Residents of Afikpo/Edda federal constituency in Ebonyi State have declared that political campaigns in the area ahead of the 2027 elections will not be tolerated unless power supply is restored. A coalition of civil society groups—Afikpo Intelligentsia in the Diaspora (AID), RestoreAfikpoLight Campaigners Abroad, and Odinma Afikpo Group (OAG)—issued the ultimatum to politicians and officeholders from the zone. They named Chief Iduma Igariwey, the representative of the constituency in the House of Representatives, Deputy Governor Princess Patricia Obila, and members of the State Assembly among those expected to act. The groups challenged Igariwey's recent assertion that lawmakers are not responsible for funding power projects, calling it a misrepresentation of legislative duties.

The groups cited constitutional and legal provisions, including the 1999 Constitution (as amended), the Electricity Act 2023, and the Electricity Act (Amendment) 2025, as granting federal lawmakers oversight and appropriation tools to push for electricity projects. They recalled that in 2020, Igariwey summoned the Transmission Company of Nigeria (TCN) to a public hearing over the two-decade-long blackout in Ehugbo, his hometown.

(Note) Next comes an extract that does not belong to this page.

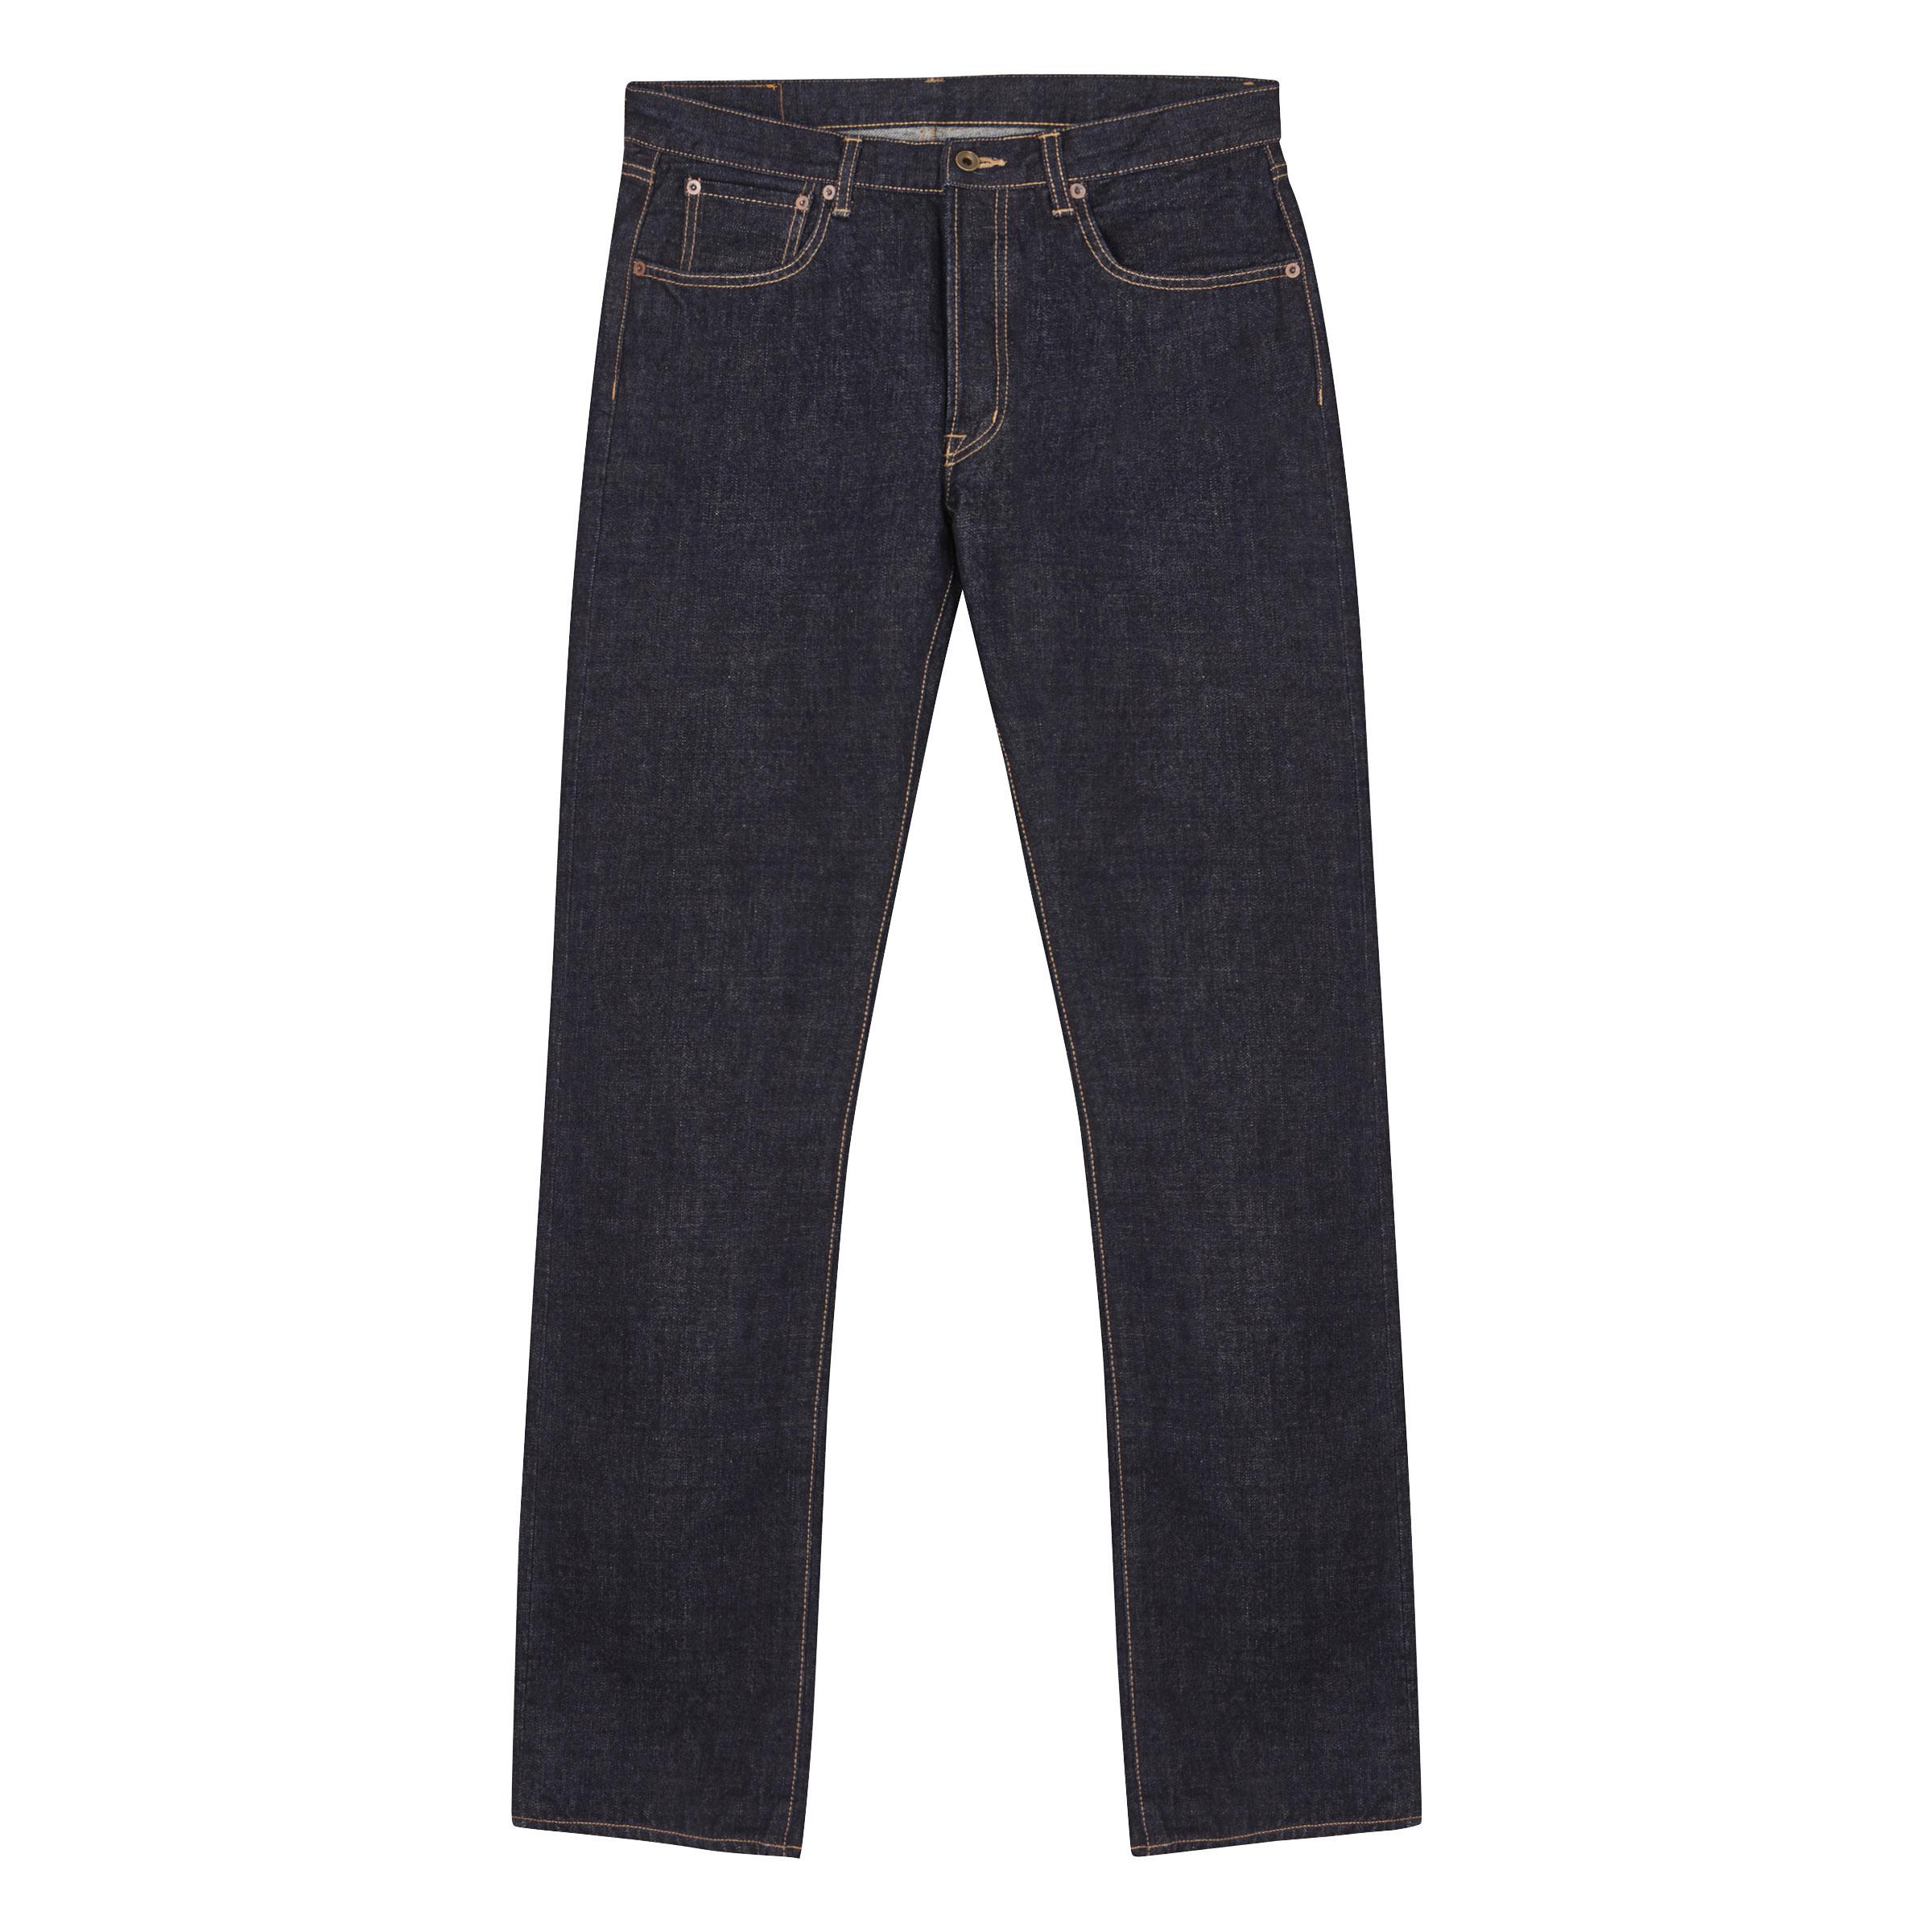 Navy Cotton Kurashiki Japanese Denim Button Fastening Jeans

Despite this, no follow-up action has been taken in nearly six years. The coalition noted that since 2015, Igariwey could have inserted a line item for the Amasiri-Afikpo transmission line in the national budget or petitioned agencies like NERC and the Rural Electrification Agency. They accused him of avoiding public accountability forums on the issue.

💡 NaijaBuzz Take

Chief Iduma Igariwey's position as a 12-year incumbent representing Afikpo/Edda sits at the heart of this crisis—not because he holds ultimate power over Nigeria's power sector, but because he has not used the tools available to him to force accountability. His 2020 summoning of TCN offered a glimpse of what legislative pressure could look like, yet the absence of any public motion, budget intervention, or continued oversight since then reveals a pattern of inaction masked as constitutional caution.

The frustration in Afikpo/Edda is not just about electricity; it reflects a deeper breakdown in the social contract between elected representatives and their constituents. The coalition's detailed reference to line-item budgeting, petitions to regulatory agencies, and motions of urgent public importance shows these communities are not ignorant—they are informed and expect more than symbolic gestures. That a lawmaker from an urban, educated constituency has not leveraged his seniority for tangible outcomes suggests a disconnect that goes beyond infrastructure and into the core of political entitlement.

For the people of Afikpo and Edda, this means another election cycle could pass without basic power, deepening economic stagnation and forcing reliance on costly generators. Students, small businesses, and health facilities bear the daily cost of this inertia. The warning against campaigns in 2027 is not mere rhetoric—it is a signal that political legitimacy in the area is now tied to deliverables, not lineage or rhetoric.

This episode fits a broader trend where Nigerians are increasingly holding politicians to account using legal and procedural knowledge, turning the tools of governance against those who neglect them.